He Yingdong, Hu Jun, Zhang Xiaowei, Huang He, Chen Qian

机构信息

Department of Obstetrics and Gynecology, Peking University First Hospital, Beijing 100034, China.

Department of Obstetrics and Gynecology, Peking University First Hospital, Beijing 100034, China. Email:

出版信息

Zhonghua Fu Chan Ke Za Zhi. 2014 Oct;49(10):741-5.

Abstract

OBJECTIVE

To evaluate the efficacy and safety for cervical ripening by double-balloon catheter among full-term pregnancy women underwent labor induction.

METHODS

It was a prospective non-randomly controlled research. Totally 128 singleton-pregnancy women in full-term who had to undergo labor induction because of pregnancy complications or comorbidities from August 2011 to April 2013 in Peking University First Hospital were selected as study subjects. Participants were allocated to preinduction cervical ripening with either a double-balloon catheter (66 participants, study group) or prostaglandin vaginal insert (62 participants, control group). Compare the efficacy for cervical ripening and adverse reactions between the two groups.

RESULTS

The efficacy for cervical ripening (Bishop scores improved by ≥ 2) had no significant differences between study and control groups [82% (54/66) compared with 81% (50/62), P > 0.05]. The time interval between intervention and parturiency was significantly higher in the double balloon catheter group than in the prostaglandin vaginal insert group [(24.2 ± 8.5) compared with (14.5 ± 8.0) hours, P < 0.05]. The proportion of women who achieved parturiency within 12 hours was significantly lower in the double-balloon catheter group than that in the control group [9% (6/66) compared with 21% (13/62), P < 0.05]. The cesarean section rate showed no significant differences [41% (27/66) compared with 43% (27/62), P > 0.05]. The prevalence of intrauterine infection demonstrated by clinical diagnosis was significantly higher in the double- balloon catheter group [11% (7/66) compared with 6% (4/62), P < 0.05]. The double-balloon catheter group had significantly lower rates of contraction over frequency [0(0/66) compared with 42% (26/62), P < 0.05], hyperthermia [3% (2/66) compared with 19% (12/62), P < 0.05], fetal heart rate abnormalities before removing the device or drug [5% (3/66) compared with 19% (12/62), P < 0.05], as well as precipitate labour [2% (1/66) compared with 16% (10/62), P < 0.05].

CONCLUSIONS

The efficacy of a double- balloon transcervical catheter is similar to that of a prostaglandin vaginal insert.
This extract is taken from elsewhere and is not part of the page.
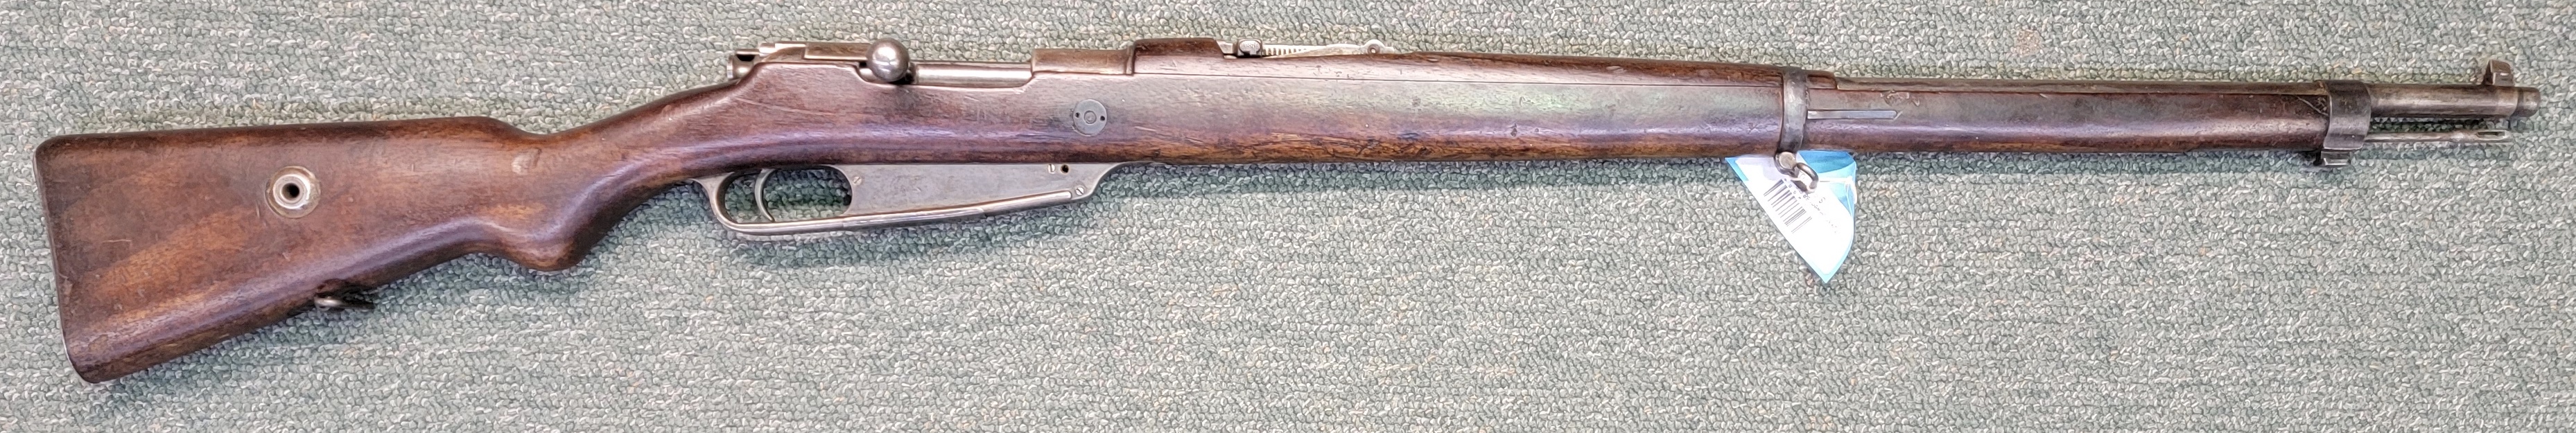 Turkish Gewehr 88 8mm Mauser

However, the double- balloon catheter cannot significantly reduce the cesarean section rate while it increases the risk of intrauterine infection. The maternal and fetal safety of transcervical catheter is superior to the prostaglandin vaginal insert. In cases of oligohydramnios, fetal growth restriction, pregnancy complicated with asthma, hypertension and scar uterine are in favor of a balloon catheter using for cervical ripening on account of high risk of using prostaglandin.

摘要

目的

评估双球囊导管用于足月妊娠引产孕妇促宫颈成熟的有效性及安全性。

方法

这是一项前瞻性非随机对照研究。选取2011年8月至2013年4月在北京大学第一医院因妊娠并发症或合并症而需引产的128名单胎足月孕妇作为研究对象。将参与者分为两组,分别采用双球囊导管进行引产术前促宫颈成熟(66例,研究组)和阴道放置前列腺素制剂(62例,对照组)。比较两组促宫颈成熟的效果及不良反应。

结果

研究组与对照组促宫颈成熟的效果(Bishop评分提高≥2分)差异无统计学意义[82%(54/66)与81%(50/62),P>0.05]。双球囊导管组干预至分娩的时间间隔显著长于阴道放置前列腺素制剂组[(24.2±8.5)小时与(14.5±8.0)小时,P<0.05]。双球囊导管组12小时内分娩的产妇比例显著低于对照组[9%(6/66)与21%(13/62),P<0.05]。剖宫产率差异无统计学意义[41%(27/66)与43%(27/62),P>0.05]。临床诊断的宫内感染发生率在双球囊导管组显著高于对照组[11%(7/66)与6%(4/62),P<0.05]。双球囊导管组宫缩过频发生率[0(0/66)与42%(26/62),P<0.05]、发热[3%(2/66)与19%(12/62),P<0.05]、去除装置或药物前胎儿心率异常[5%(3/66)与19%(12/62),P<0.05]以及急产[2%(1/66)与16%(10/62),P<0.05]的发生率均显著低于对照组。

结论

双球囊经宫颈导管促宫颈成熟的效果与阴道放置前列腺素制剂相似。然而,双球囊导管不能显著降低剖宫产率,同时增加了宫内感染的风险。经宫颈导管的母胎安全性优于阴道放置前列腺素制剂。对于羊水过少、胎儿生长受限、合并哮喘、高血压及瘢痕子宫的妊娠,因使用前列腺素风险高,双球囊导管更有利于促宫颈成熟。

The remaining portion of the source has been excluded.